A situação enseja um debate sobre
a possibilidade de conciliar as determinações do protocolo do CNJ, que visam
limitar os riscos de contágio, e a garantia do respeito às particularidades
culturais dos povos indígenas. No caso específico dos ianomâmis, Albert
acredita que um meio termo poderia ser alcançado pela permissão para incinerar
os corpos em hospitais urbanos e levar as cinzas aos familiares.
"Isto permitiria que eles
conduzissem a parte central de suas cerimônias funerárias, nas quais as cinzas
dos ossos dos mortos têm um papel crucial, sendo consideradas como bens
preciosos", defende. A ideia, porém, esbarra na ausência de crematórios
funerários em Boa Vista.
"Faltou sensibilidade
cultural"
O médico sanitarista Douglas
Rodrigues, professor do Departamento de Medicina Preventiva da Escola Paulista
de Medicina da Universidade Federal de São Paulo (Unifesp), trabalha há quase
40 anos com povos do Parque Indígena do Xingu. Ele defende que haja um cuidado
com o diálogo, se não for possível conciliar as necessidades de saúde com o
respeito às tradições culturais.
"O subsistema de saúde
indígena só se justifica pelo entendimento de que são povos culturalmente
diferentes entre si e de nós, com outras cosmologias e concepções de corpo,
saúde e doenças. Faltou sensibilidade cultural, planejamento e visão. Não sei
se é possível compatibilizar, mas é preciso assegurar um mínimo de consulta às
famílias e lideranças, além de explicar os motivos das restrições",
afirma.
Outro desafio no horizonte é a
eventual necessidade de isolamento de famílias infectadas em aldeias, onde as
atividades são quase sempre compartilhadas, bem como o local onde os indígenas
dormem.
"Não vai ser fácil fazer
isso na aldeia. Seria preciso conversar com os índios desde já para explicar a
necessidade do isolamento, caso o vírus chegue, e criar um plano para que essa
medida seja realmente viável", diz.
Além de reivindicar o respeito à
cultura de seu povo, Dario alerta para a vulnerabilidade enfrentada. Estima-se
que haja cerca de 20 mil garimpeiros atuando dentro do território demarcado.
"Eles vão transmitir a
doença para nós, são o principal fator de transmissão. Estamos muito
preocupados com o que fazer se essa doença chegar nas nossas aldeias. Temos
muito medo do que pode acontecer hoje, amanhã ou depois", declara.
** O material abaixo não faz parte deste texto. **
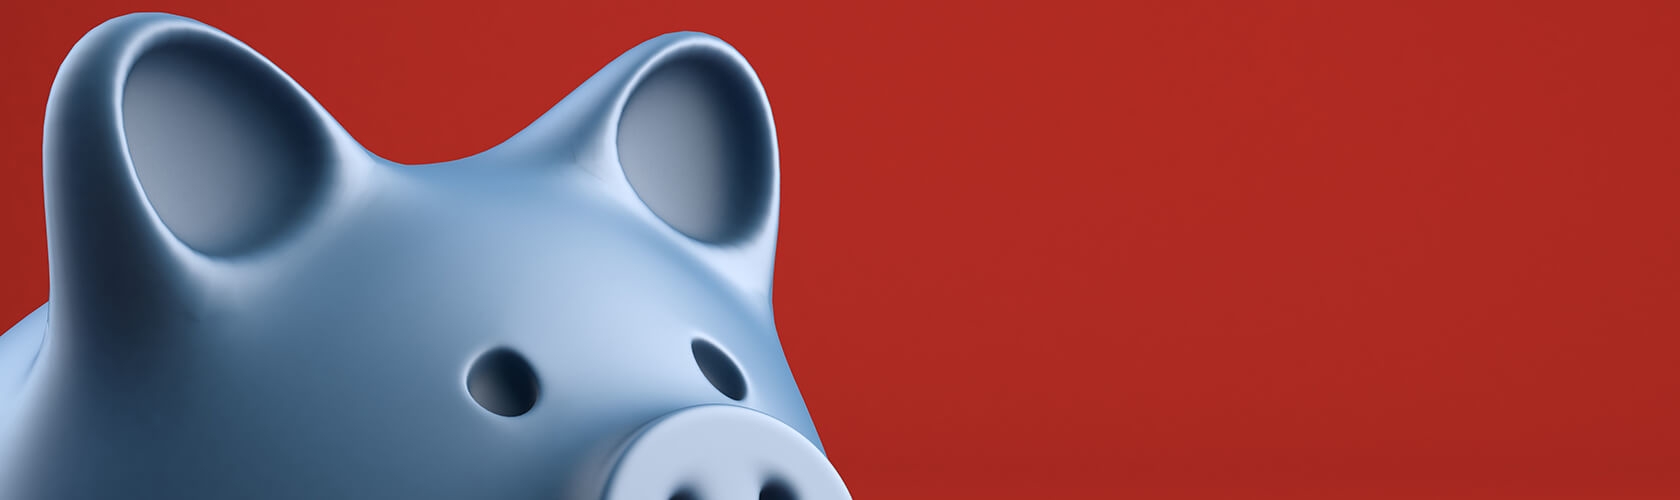 A piggy bank sits in front of a red background

Procurada pela DW Brasil, a Sesai
afirma ter adotado todas as medidas para prestar atendimento adequado à família
e seguido a estratégia prevista pela portaria do CNJ para o sepultamento. A
secretaria diz ainda que o Distrito Sanitário Especial Indígena (Dsei) adotou
todas as medidas protocolares desde o momento em que tomou conhecimento do
caso, com base no Plano de Contingência Nacional para Infecção Humana pelo novo
Coronavírus (Covid-19) em Povos Indígenas.